Trading with the Momentum Transformer: An Intelligent and Interpretable Architecture

Deep learning architectures, specifically Deep Momentum Networks (DMNs) [1], have been found to be an effective approach to momentum and mean-reversion trading. However, some of the key challenges in recent years involve learning long-term dependencies, degradation of performance when considering returns net of transaction costs and adapting to new market regimes, notably during the SARS-CoV-2 crisis. Attention mechanisms, or Transformer-based architectures, are a solution to such challenges because they allow the network to focus on significant time steps in the past and longer-term patterns. We introduce the Momentum Transformer, an attentionbased architecture which outperforms the benchmarks, and is inherently interpretable, providing us with greater insights into our deep learning trading strategy.
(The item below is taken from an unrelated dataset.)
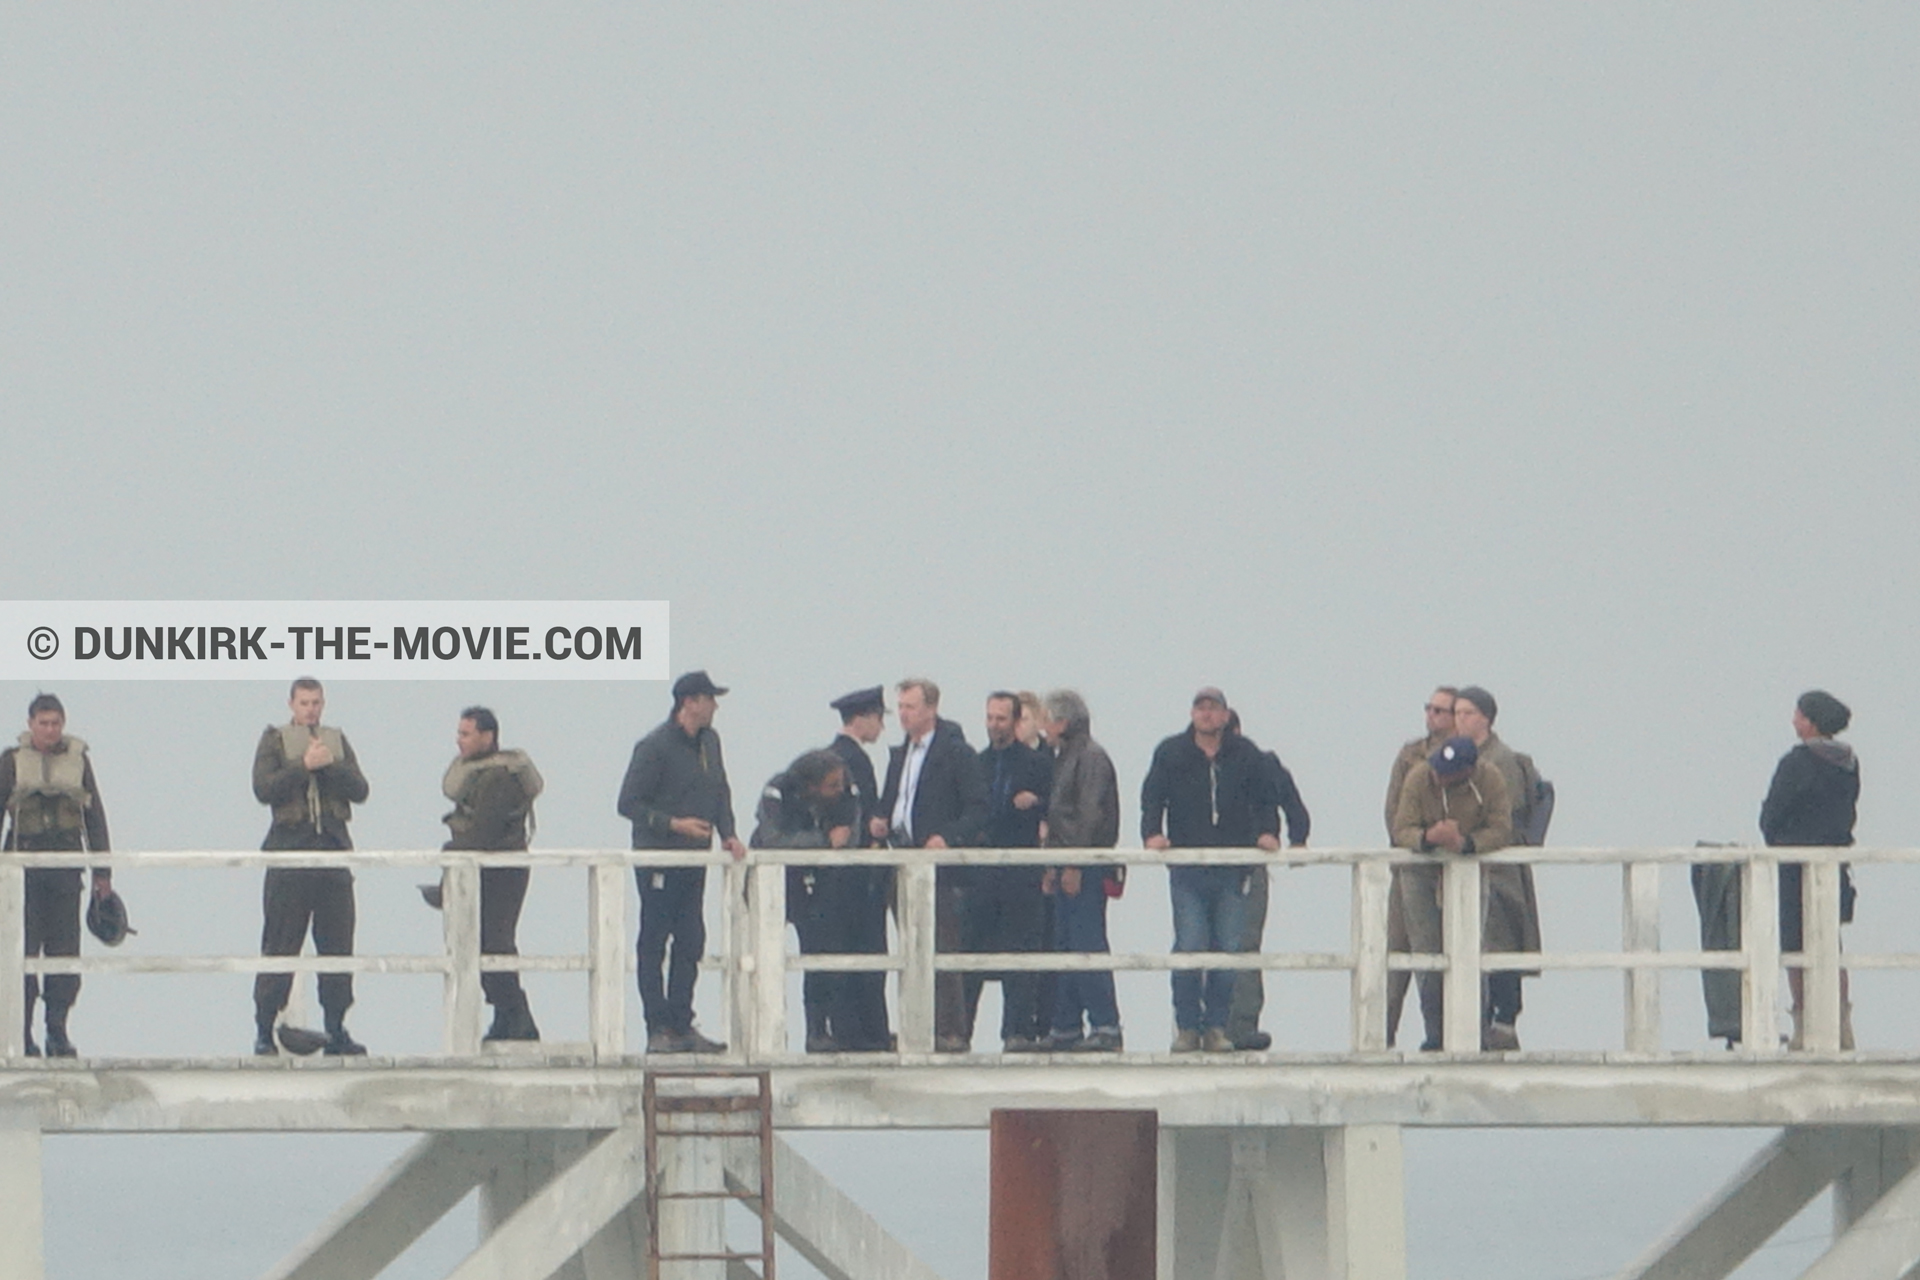 Picture with grey sky, supernumeraries, Hoyte van Hoytema, EST pier, Christopher Nolan, technical team, Nilo Otero,  from behind the scene of the Dunkirk movie by Nolan

Our model is an extension to the LSTM-based DMN, which directly outputs position sizing by optimising the network on a risk-adjusted performance metric, such as Sharpe ratio. We find an attention-LSTM hybrid Decoder-Only Temporal Fusion Transformer (TFT) style architecture is the best performing model. In terms of interpretability, we observe remarkable structure in the attention patterns, with significant peaks of importance at momentum turning points. The time series is thus segmented into regimes and the model tends to focus on previous time-steps in alike regimes. We find changepoint detection (CPD) [2], another technique for responding to regime change, can complement multi-headed attention, especially when we run CPD at multiple timescales. Through the addition of an interpretable variable selection network, we observe how CPD helps our model to move away from trading predominantly on daily returns data. We note that the model can intelligently switch between, and blend, classical strategies – basing its decision on patterns in the data. ∗Kieran Wood is the corresponding author and can be contacted via email: kieran.wood@eng.ox.ac.uk.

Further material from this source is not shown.